[Mitgcm-support] about kpp & flt
mitgcm-support at dev.mitgcm.org
mitgcm-support at dev.mitgcm.org
Wed Jul 9 15:50:06 EDT 2003
Hello,
I have 2 questions about the mixlayer diagnostic in kpp_calc.F :
--------------------------------------
c Determine mixed layer depth hMix as the shallowest depth at which
c dB/dz exceeds 5.2e-5 s^-2.
work1(i,j) = nzmax(i,j,bi,bj)
DO k = 1, Nr
IF ( k .LT. nzmax(i,j,bi,bj) .AND.
& dbloc(i,j,k) / drC(k+1) .GT. dB_dz )
& work1(i,j) = k
END DO
c Linearly interpolate to find hMix.
k = work1(i,j)
IF ( k .EQ. 0 .OR. nzmax(i,j,bi,bj) .EQ. 1 ) THEN
zRef(i,j) = p0
ELSEIF ( k .EQ. 1) THEN
dBdz2 = dbloc(i,j,1) / drC(2)
zRef(i,j) = drF(1) * dB_dz / dBdz2
ELSEIF ( k .LT. nzmax(i,j,bi,bj) ) THEN
dBdz1 = dbloc(i,j,k-1) / drC(k )
dBdz2 = dbloc(i,j,k ) / drC(k+1)
> zRef(i,j) = rF(k) + drF(k) * (dB_dz - dBdz1) /
> & MAX ( phepsi, dBdz2 - dBdz1 )
ELSE
zRef(i,j) = rF(k+1)
ENDIF
--------------------------------------
1) I wonder if in a case where
the vertical profile of db/dz shows 2 minimum below dB_dz,
e.g., 1 in the mix layer, stratified just below, then very low
stratification (< dB_dz) at some depth in the deep ocean,
and finally stratified near the bottom ;
the first loop might capture the 2nd stratification and not the
1rst one as the comment suggest "the shallowest depth ..."
2) since dBdz1 has to be < dB_dz
dB_dz - dBdz1 > 0 ; MAX ( phepsi, dBdz2 - dBdz1 ) > 0
so that drF(k)*(dB_dz - dBdz1) /MAX ( phepsi, dBdz2 - dBdz1 )

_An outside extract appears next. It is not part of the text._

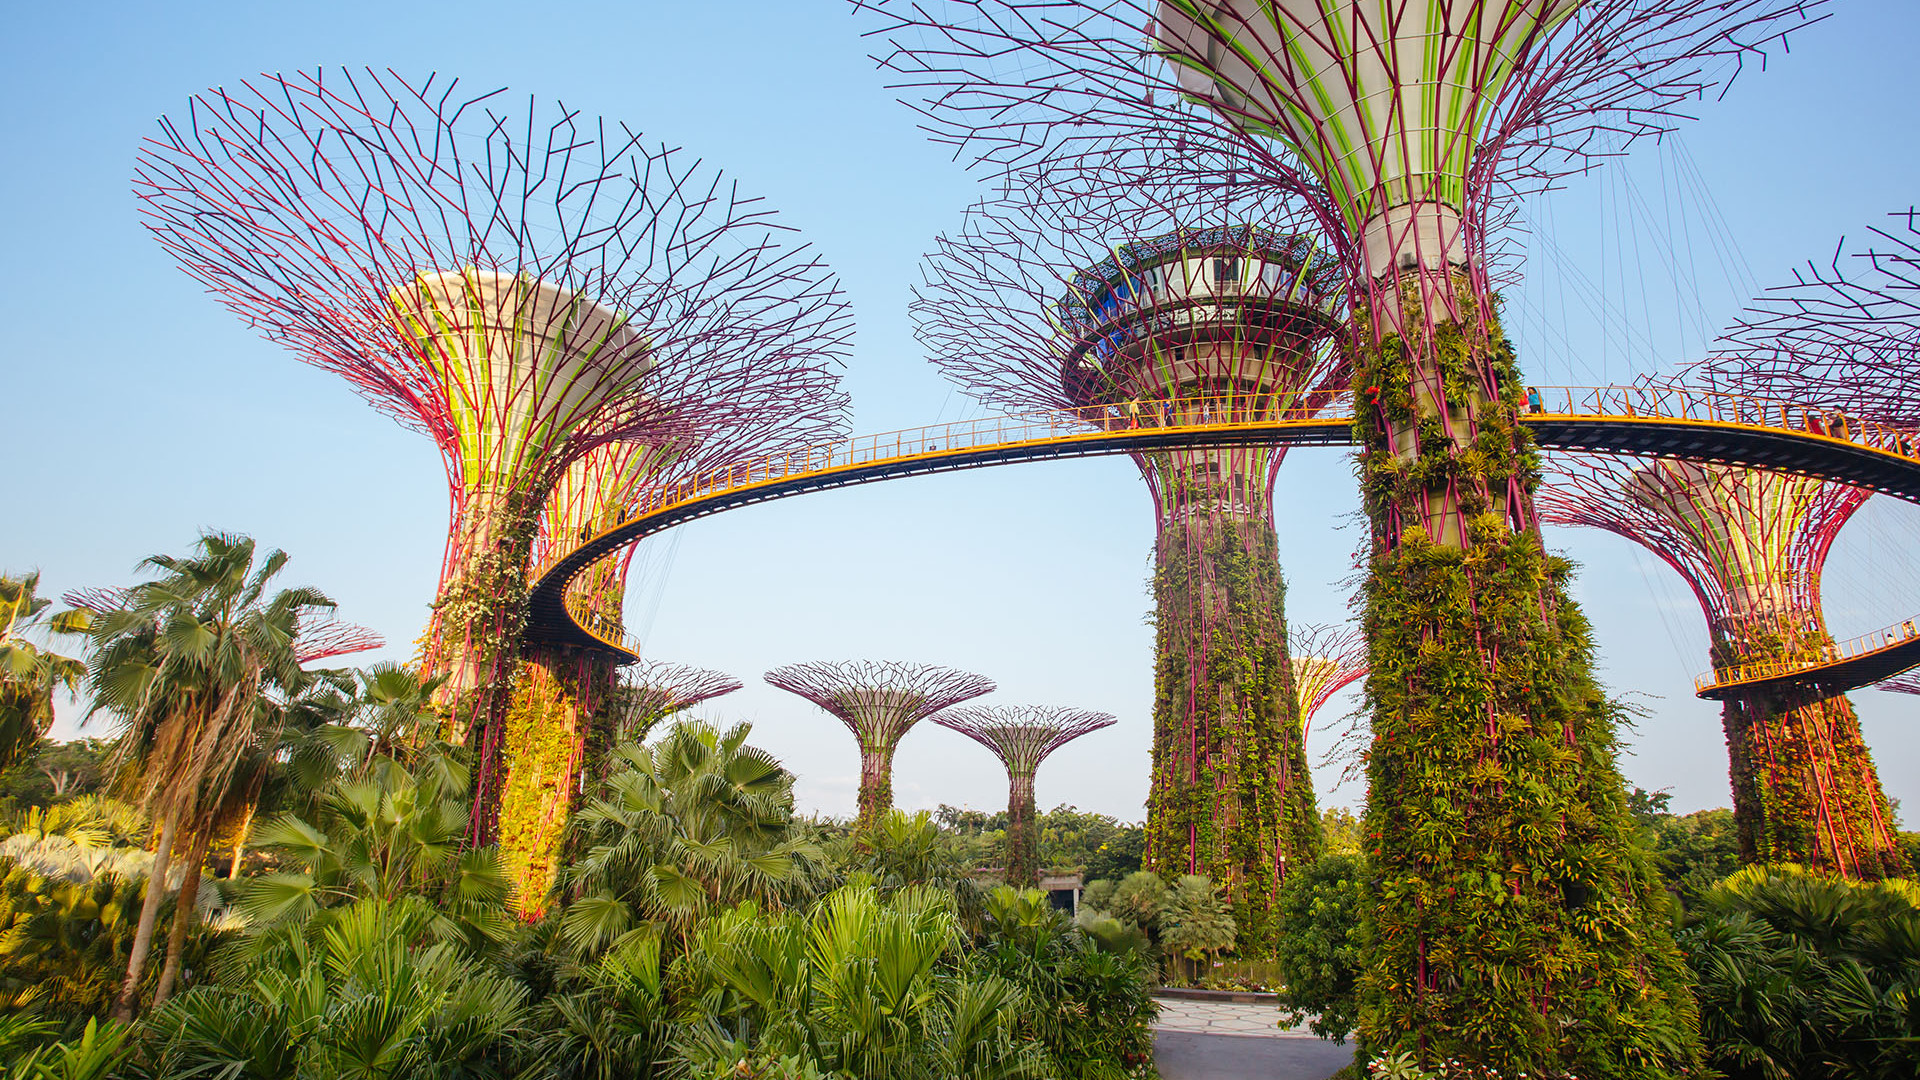 gardens by the bay in singapore 2021 08 29 03 40 32 utc

is also > 0 ; rF(k) < 0 so that |zRef(i,j)| < |rF(k)|
and this does not seems logical to me.
I would expect to find zRef(i,j) = rF(k) - drF(k) * ...
-----------------
and one question about pkg/flt/flt_functions.F
do k=0,Nr
zlo = rC(k)
if (k.eq.0) zlo = rC(k)-delZ(1)*0.5
zhi = rC(k+1)
if (k.eq.Nr) zhi = rC(k)+delZ(Nr)*0.5
Apart from using delZ instead of drF, 3 out-of-bound index
(in 4 lines !) and rC(k)-delZ(1)*0.5 instead of rC(1)-delZ(1)*0.5,
it seems to me that the signs in front of the 2 delZ are wrong.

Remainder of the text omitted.